EXERCISE INPUTS:
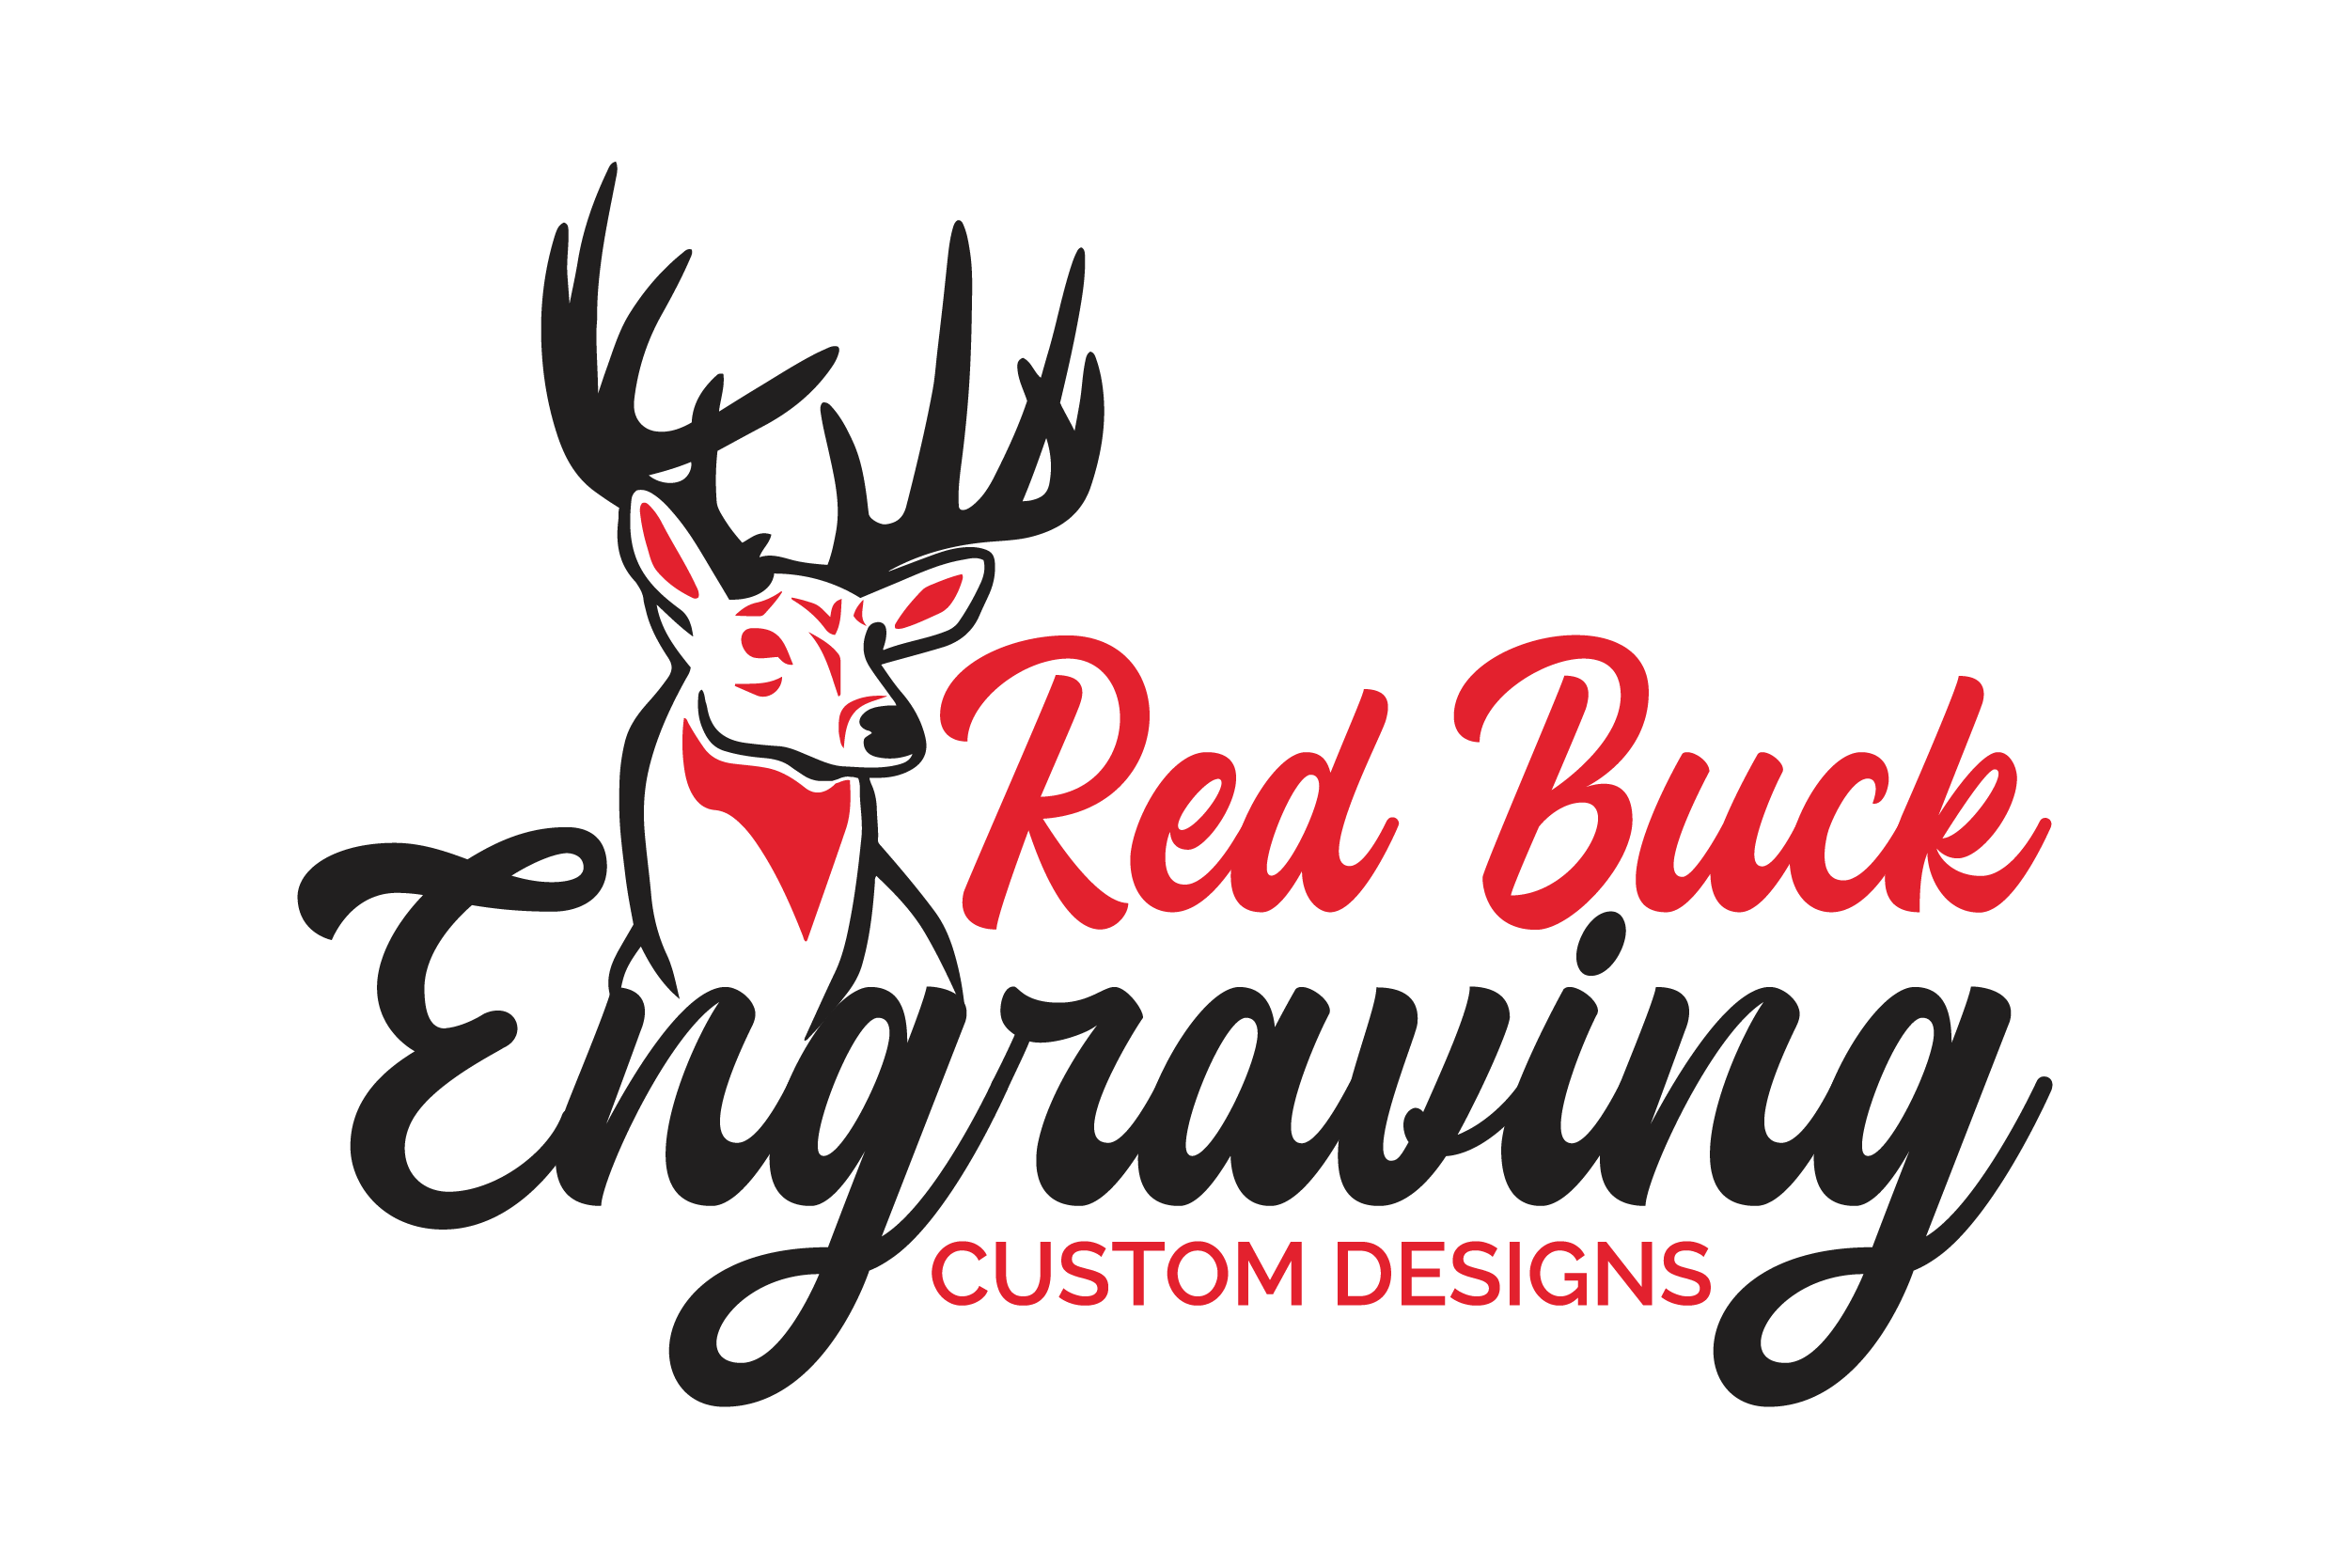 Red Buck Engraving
---
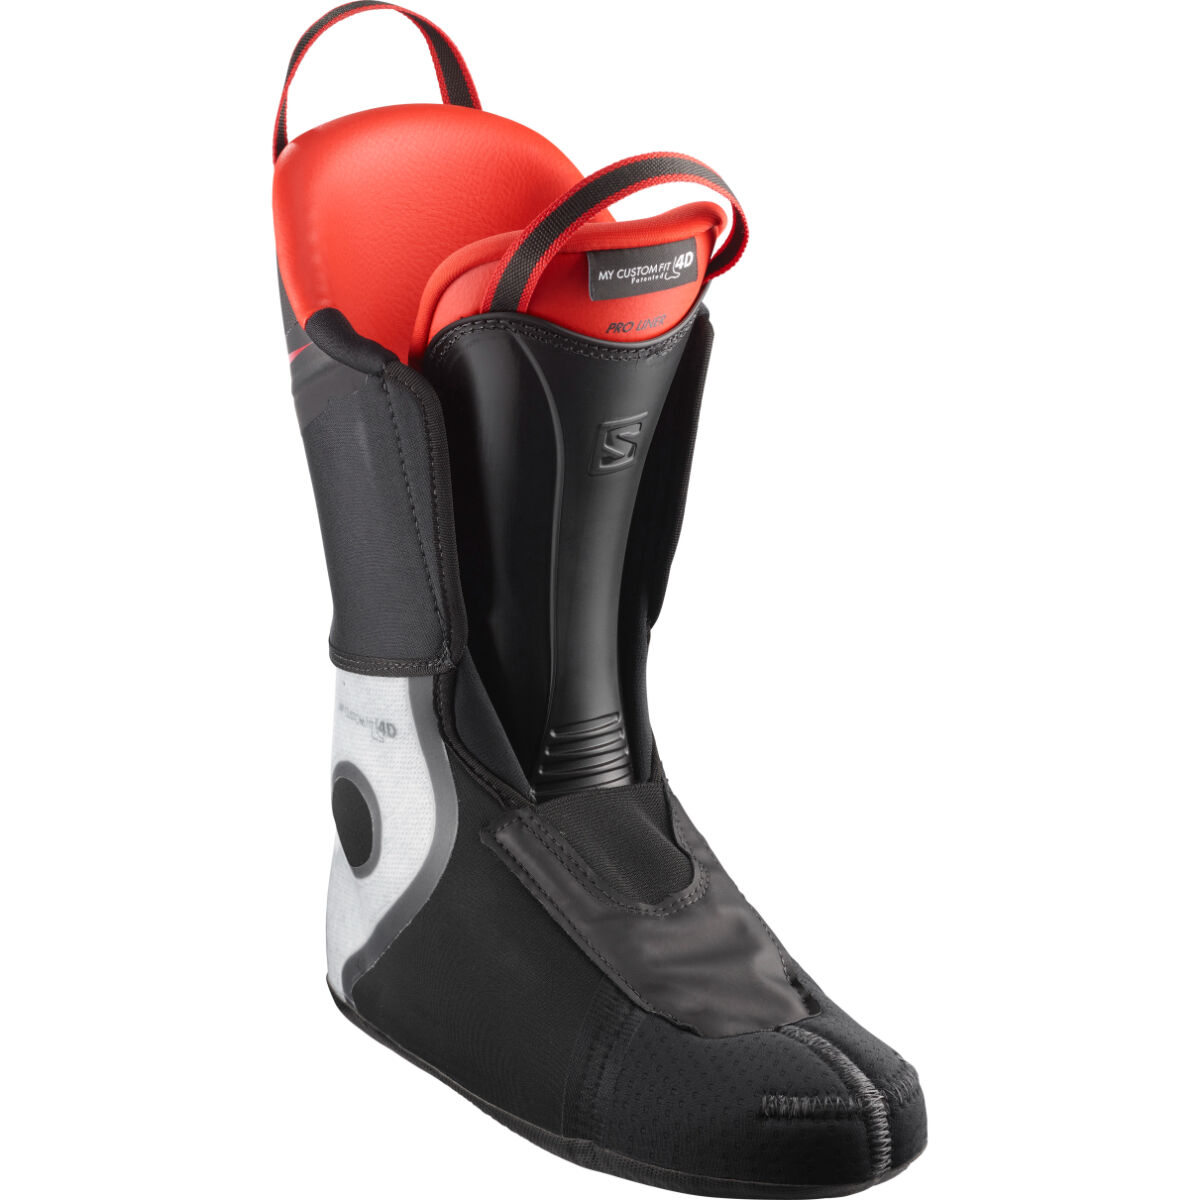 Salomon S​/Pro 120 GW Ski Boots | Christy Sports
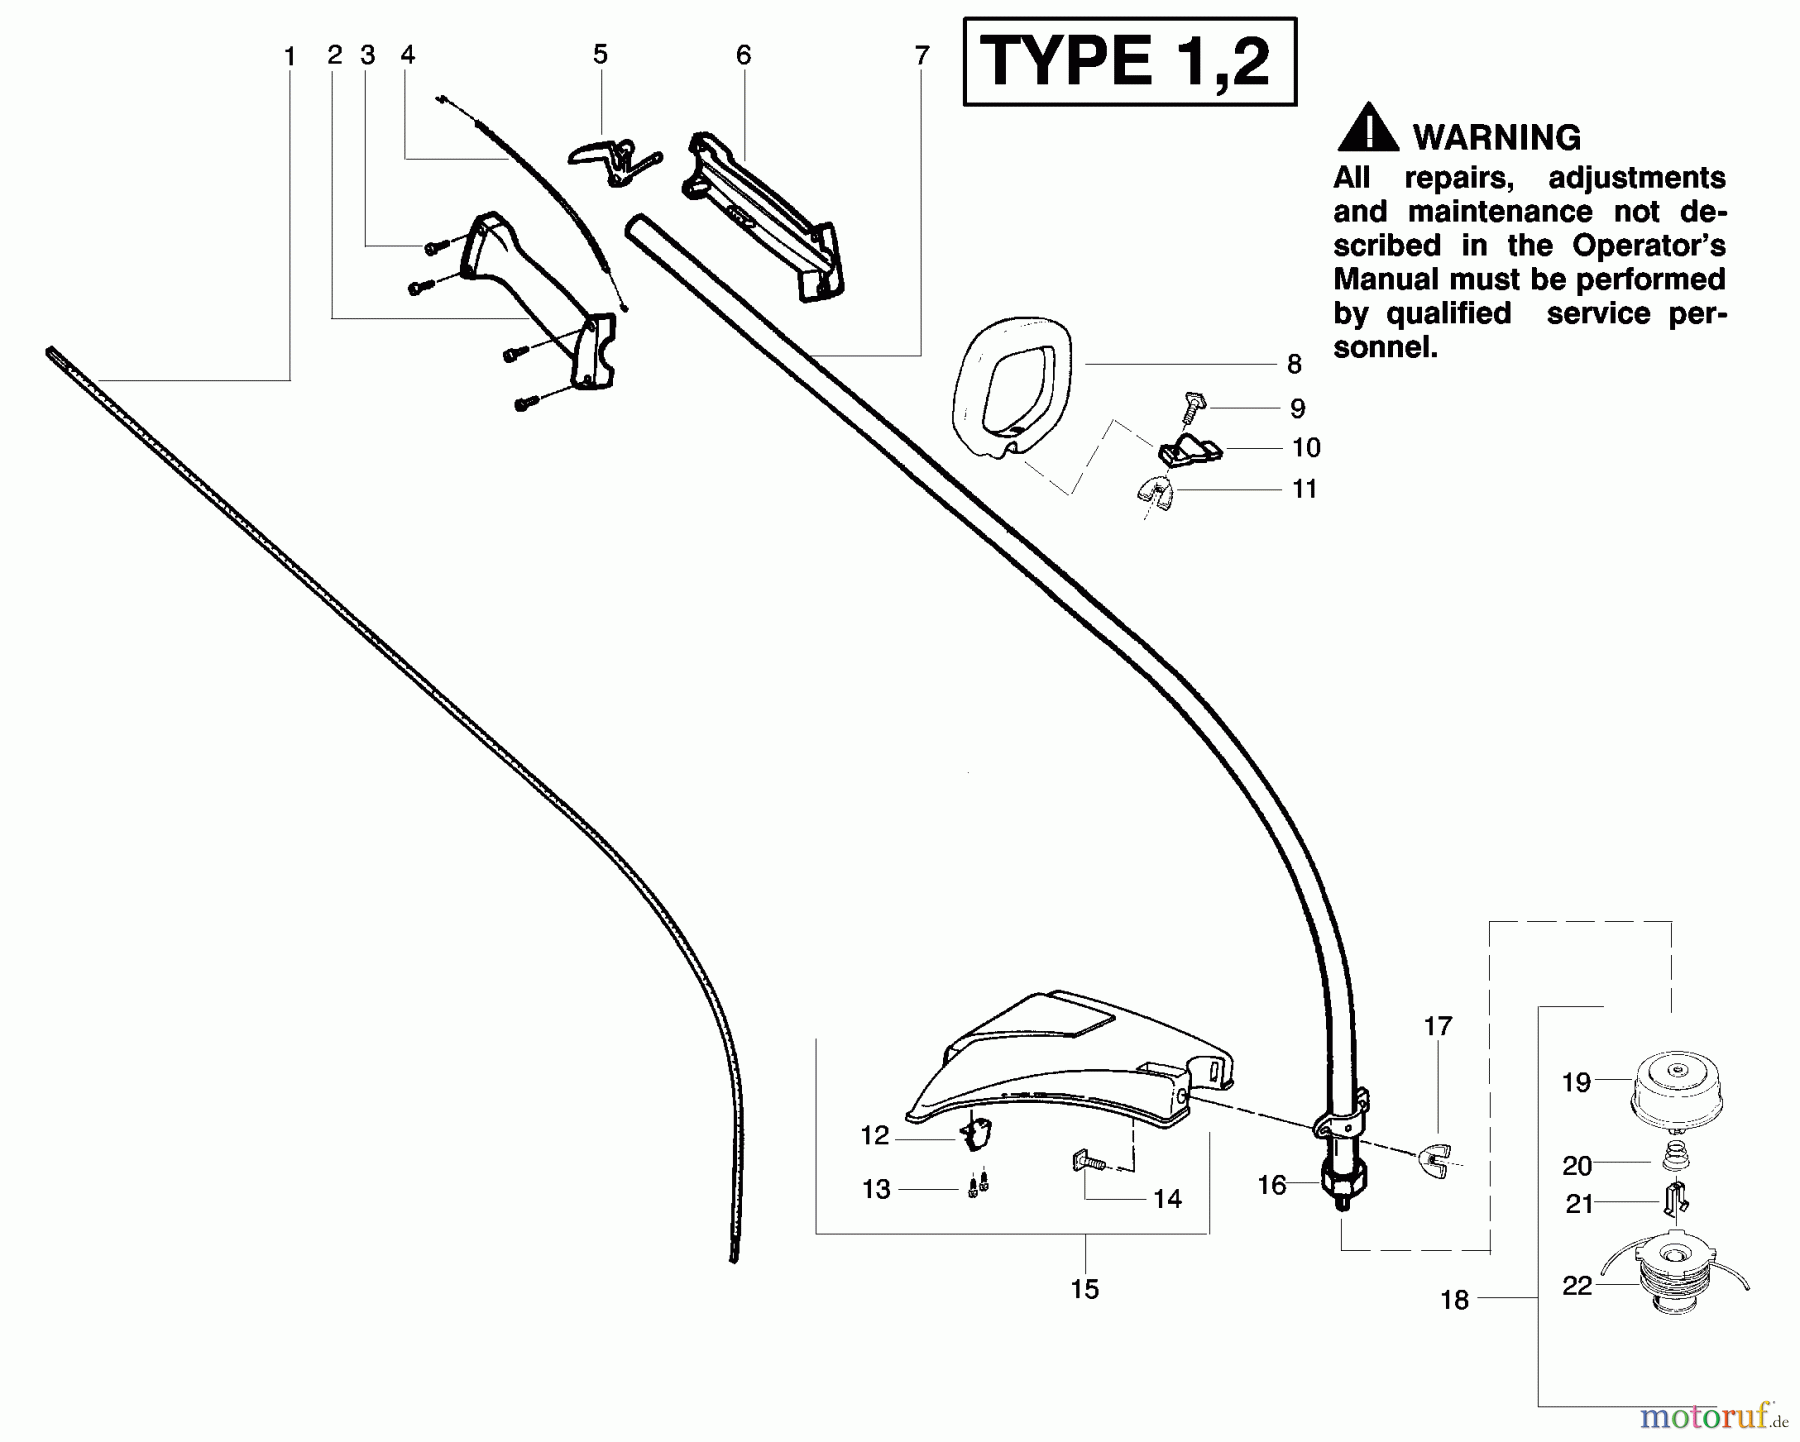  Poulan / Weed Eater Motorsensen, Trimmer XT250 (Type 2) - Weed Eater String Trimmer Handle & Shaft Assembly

TASK ITEM: For the data above, set down exactly the lines from the line with "Salomon S​/Pro 120" to the line with "Poulan / Weed", both included, leaving pictures out.

REPLY:
 Salomon S​/Pro 120 GW Ski Boots | Christy Sports
  Poulan / Weed Eater Motorsensen, Trimmer XT250 (Type 2) - Weed Eater String Trimmer Handle & Shaft Assembly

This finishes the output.